The airway wall undergoes significant remodeling in asthmatic patients, characterized by airway wall thickening, subepithelial fibrosis, increased myocyte muscle mass, myofibroblast hyperplasia, and mucus metaplasia [reviewed in 1]. These changes are thought to contribute to airway hyperresponsiveness, and are widely attributed to the inflammatory environment of the asthmatic airway. We have proposed that the mechanical stress that accompanies bronchoconstriction, a characteristic of the asthmatic response, may contribute to airway remodeling.
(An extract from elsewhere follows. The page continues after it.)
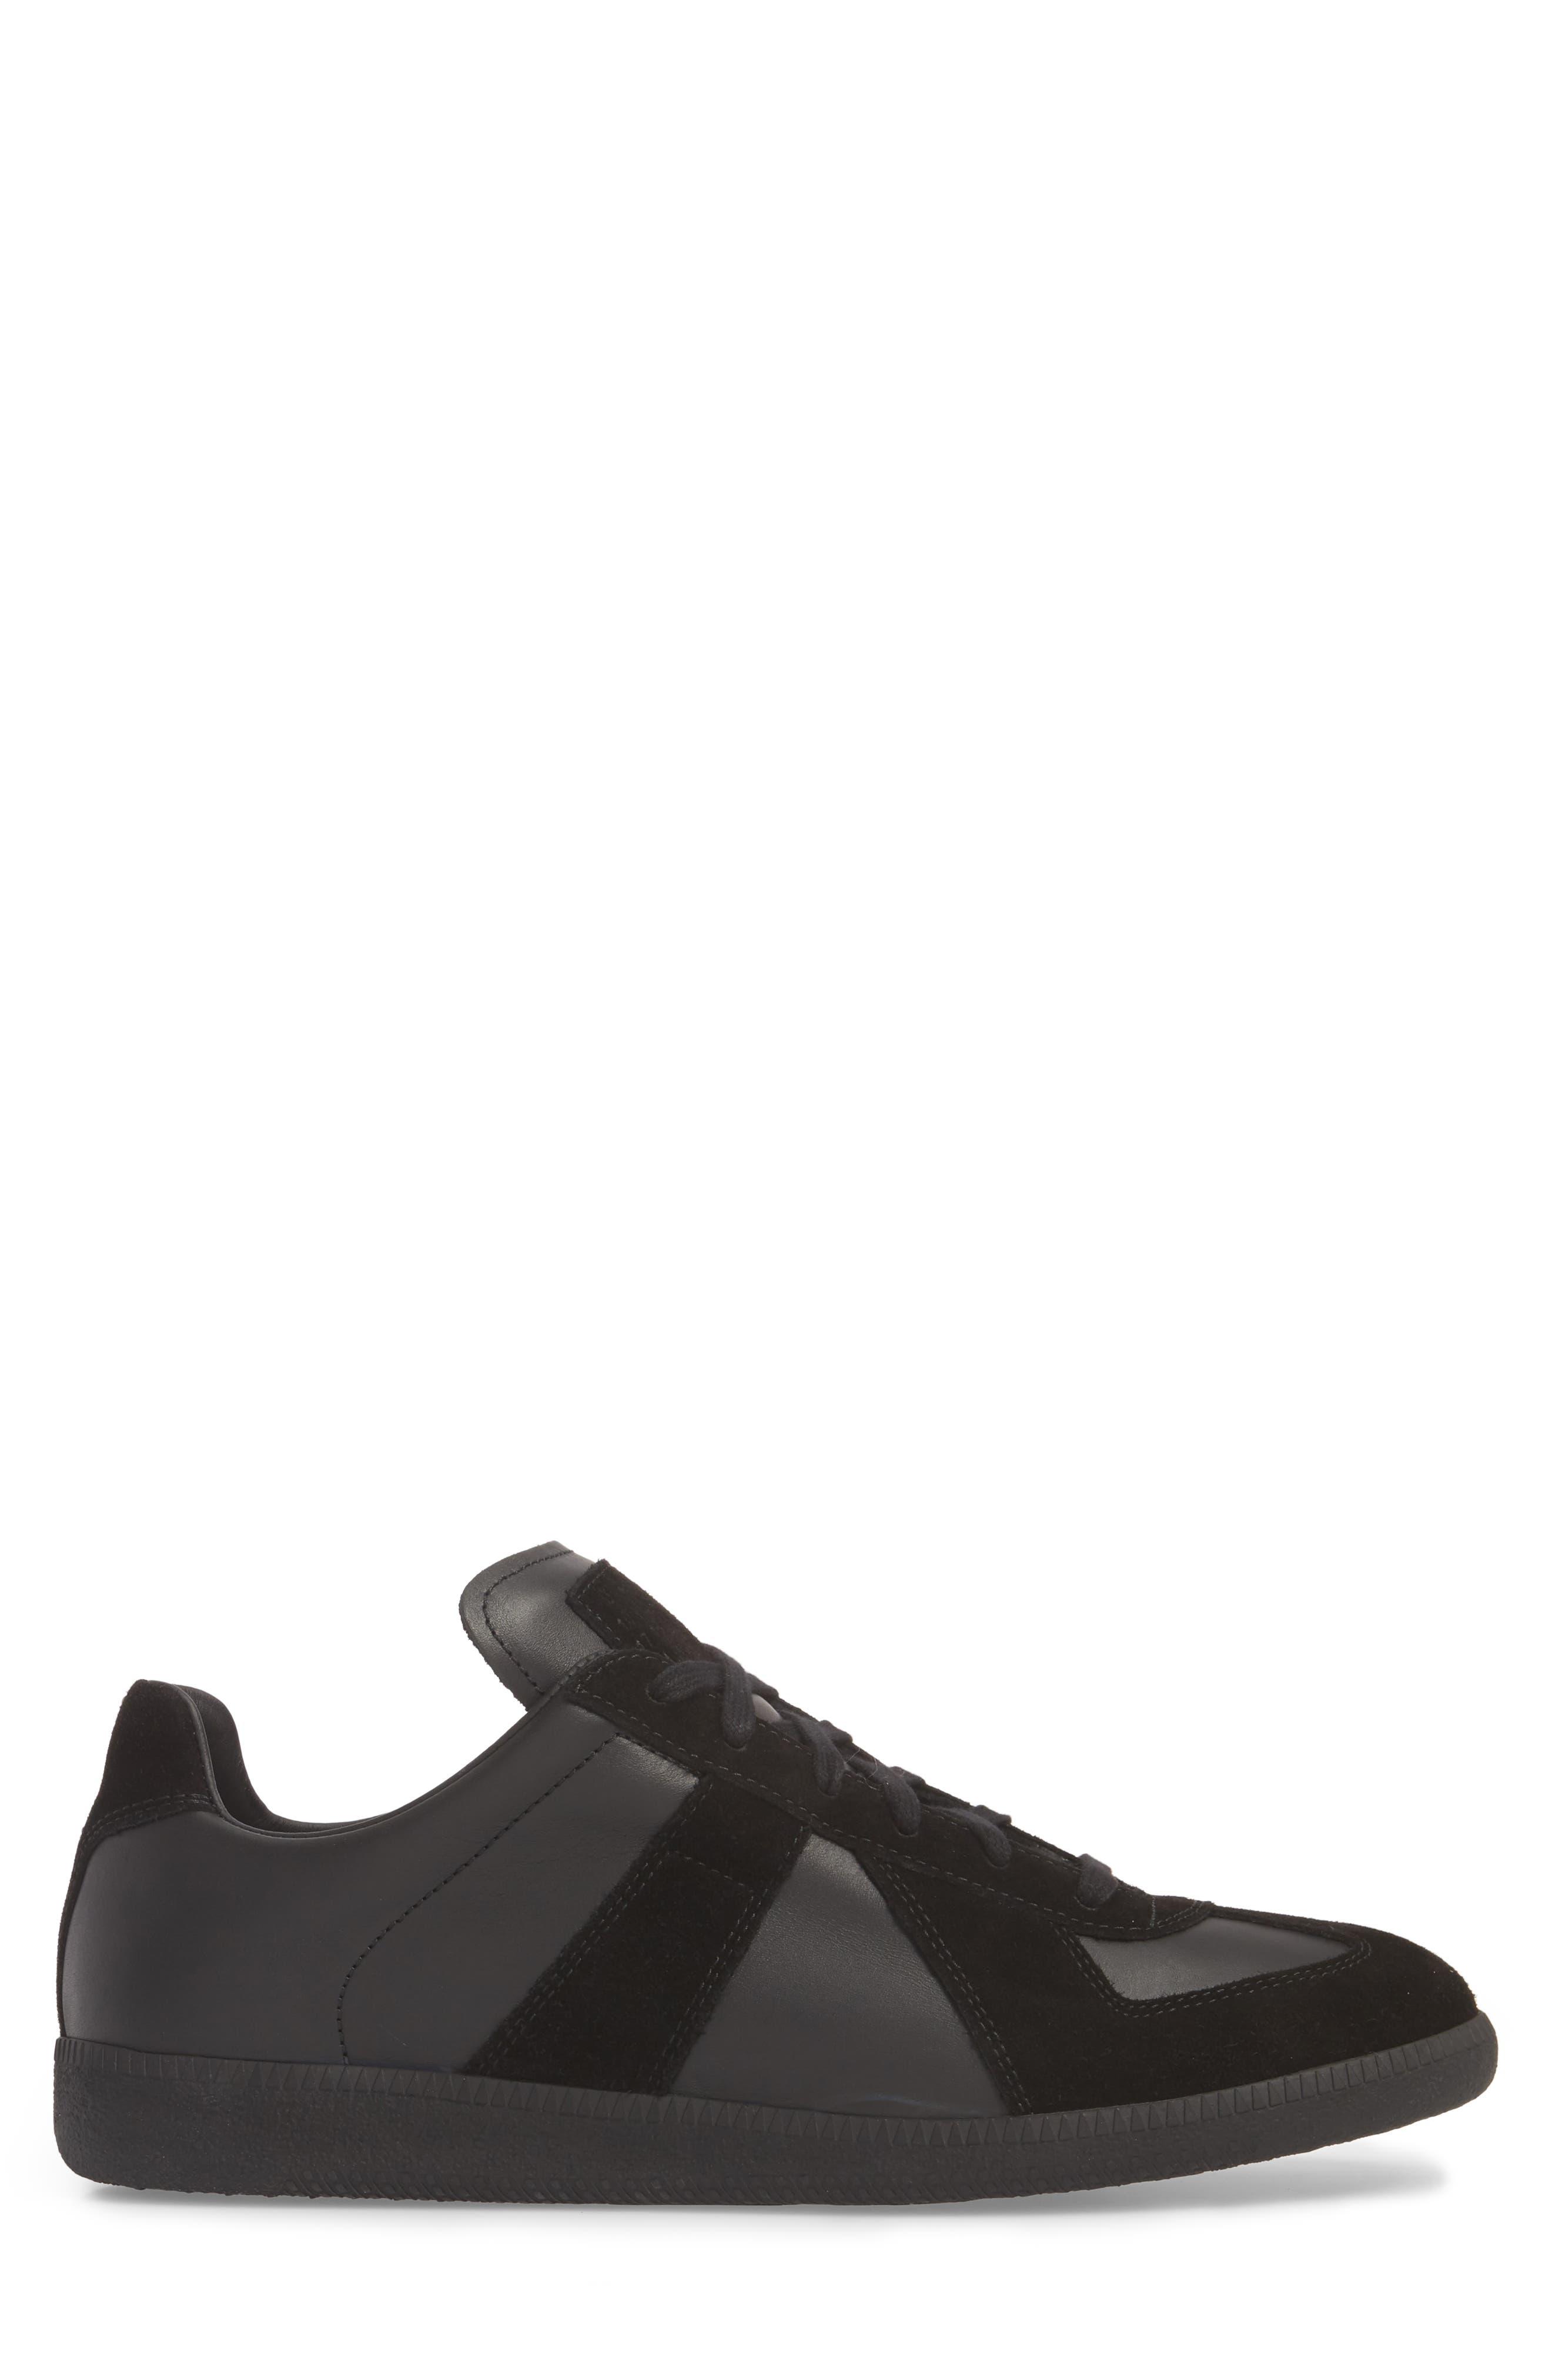 MM6 MAISON MARGIELA, Maison Margiela Replica Low Top Sneaker, Alternate thumbnail 3, color, BLACK

In support of this hypothesis, we have previously demonstrated that in the absence of a superimposed inflammatory stimulus, transcellular pressure applied to rat tracheal epithelial cells is capable of eliciting increased expression of TGF-β, endothelin-l, and EGR-1[2]. Identical compressive stresses applied across human bronchial epithelial cells can increase fibrotic protein synthesis in co-cultured fibroblasts [3]. Although these data demonstrate that compressive stress of bronchial epithelial cells is profibrotic, the effect of compressive stress on factors responsible for recruiting fibroblasts and smooth muscle cells, and promoting their proliferation is not well characterized. To address this question we focus here on expression of heparin binding epidermal growth factor-like growth factor (HB-EGF) and on a more detailed analysis of endothelin gene expression and protein secretion. HB-EGF, a member of the EGF family, is a potent mitogen and chemotactic factor for fibroblasts, as well as smooth muscle and epithelial cells [4]. The endothelins (Et- 1,2,3) are best known as potent bronchoconstrictors, but El- 1 and Et-2 are also mitogenic for fibroblasts and smooth muscle cells, chemotactic for fibroblasts, and pro-inflammatory [5]. These molecules therefore have the capacity to participate in many of the changes that characterize airway remodeling.